Una de las reglas inquebrantables del periodismo gráfico es que no se usa la primera persona salvo que se presente un hecho que obligue a redefinir la historia. El 25 de noviembre de 2020 el mundo se puso de rodillas y lloró con la vista al cielo. Hasta la pandemia de coronavirus parecía frenarse y darle espacio a un dolor infinito que hasta el día de hoy nos invade y nos mantiene incrédulos. Había muerto Diego Maradona. Lo que nunca creímos que iba a pasar, nos golpeó a todos de forma inesperada y artera, directo a nuestros corazones.
Minutos después del mediodía surgieron los primeros indicios. Los programas televisivos lo confirmaban. De un lado y del otro de la pantalla rodaban lágrimas. Como cuando éramos chicos y se moría un héroe ficticio que no podía perder ante los malos, en la adultez nos pasó lo mismo, con la diferencia sustancial de que se iba el superhéroe real, el que se enfrentó a todos, el que nos hizo reír, festejar, amar y también doler cuando le cortaron las piernas. Había partido aquél que todos quisimos ser.
La reacción en cadena fue brutal. Mensajes, comentarios, redes sociales, los medios de comunicación –sin importar su formato o soporte-. Había que escuchar y leer todo, porque todo el mundo tenía una historia para contar. Durante larguísimas horas, en los grupos de WhatsApp no hablábamos de otra cosa. Las conversaciones personales tampoco tenían otro tópico.
“¿Es verdad que murió Maradona?”, fue lo primero que escuché. El alma se congeló, el cuerpo tembló y la cabeza disparó miles de ideas. Si a 2020 le faltaba algo para ser el peor año de la historia era la muerte del Diez, el hincha de todos los deportistas argentinos, sin importar qué disciplina o instancia disputaran.
De inmediato, el Mundial de 1986 pasó a ser la fuente inagotable de recuerdos audiovisuales. Dolía mucho ver esas imágenes, pero también era la excusa perfecta para evocar la felicidad que el Gran Capitán nos había causado (aunque tuviéramos escasos meses de vida). Y cómo no ver una y otra vez aquél mítico calentamiento con el Napoli mientras sonaba Live is life de Opus.
Por necesidad pandémica, la media tarde me encontró fugazmente en la calle. Era el horario de regreso a los hogares para quienes ya trabajaban in situ. Las caras eran largas; los diálogos, tristes; el cielo se oscureció y el aire se enrareció. Todo el país se sintió derrumbado. ¿Cómo no iba caer su propia tierra, su patria, si hasta en una ciudad siria destruida por la guerra una niña pintó un mural de “Pelusa” en una pared en ruinas?

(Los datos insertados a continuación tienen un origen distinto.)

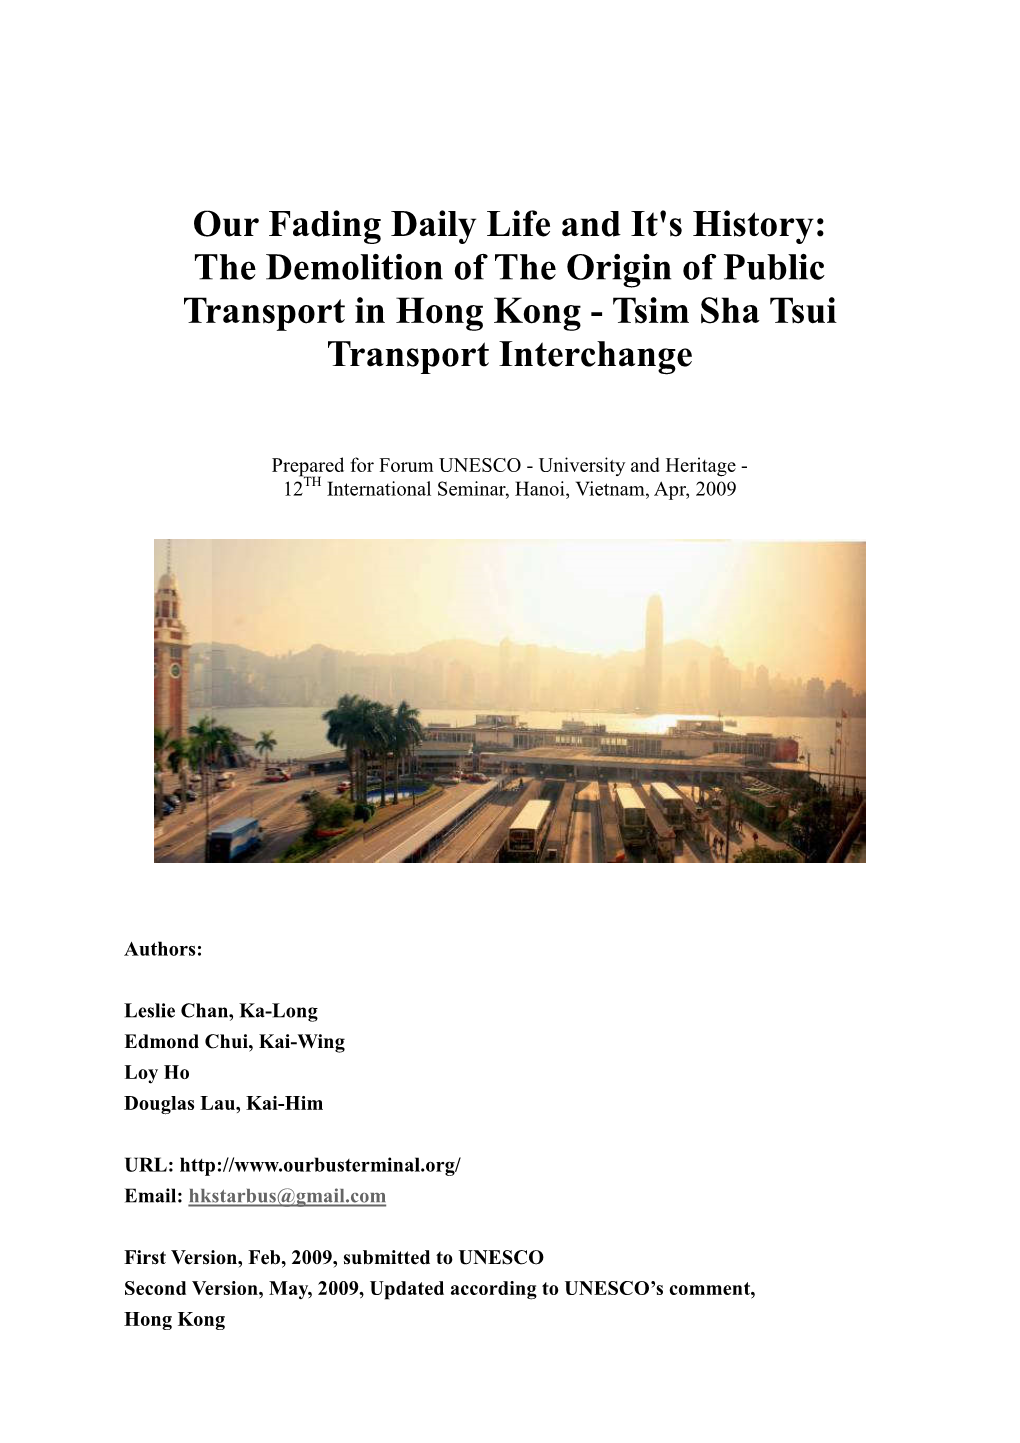 The Demolition of the Origin of Public Transport in Hong Kong - Tsim Sha Tsui Transport Interchange

Las miradas entre personas eran pesadas, con ojos abiertos como prueba cabal de la sorpresa y la incredulidad. Para entonces Maradona llevaba largas horas como tendencia global en Internet y los medios se abocaron de lleno a la noticia. En Ámbito dejaron de existir, al menos por un rato, las secciones, y el dólar y el Covid-19 dejaron su espacio a la inmortalidad del más grande futbolista de toda la historia. Todos nos abocamos a semejante evento, comparable sólo con los días en que Francisco fue elegido Papa o la Selección argentina jugó la final del Mundial 2014.
Era de esperarse que el fallecimiento de Diego causara, cuándo no, división en la sociedad, al menos en lo que respectaba al funeral y los protocolos sanitarios. Lo que unió fue el amor hacia Maradona. Alguien se aventuró a decir que su partida superaba a la de cualquier ser humano que haya pisado este planeta. Otro fue mucho más allá: si los Beatles dijeron que eran más grandes que Jesús, acababa de morir alguien que los traspasó a todos.
Las lágrimas por el mito celeste y blanco, ícono de la Argentina y Dios de Nápoles, duraron días y hasta semanas. Todavía cuesta creer que ya no está. Los homenajes se sucedieron uno atrás del otro, sea en el deporte, la política o el espectáculo. El mejor de todos fue en julio último, cuando la Selección argentina ganó la Copa América en Brasil. Parecía una perversión del destino, o tal vez fue un guiño de él. Cómo cuesta aceptar su partida todavía. Te extrañamos Diego.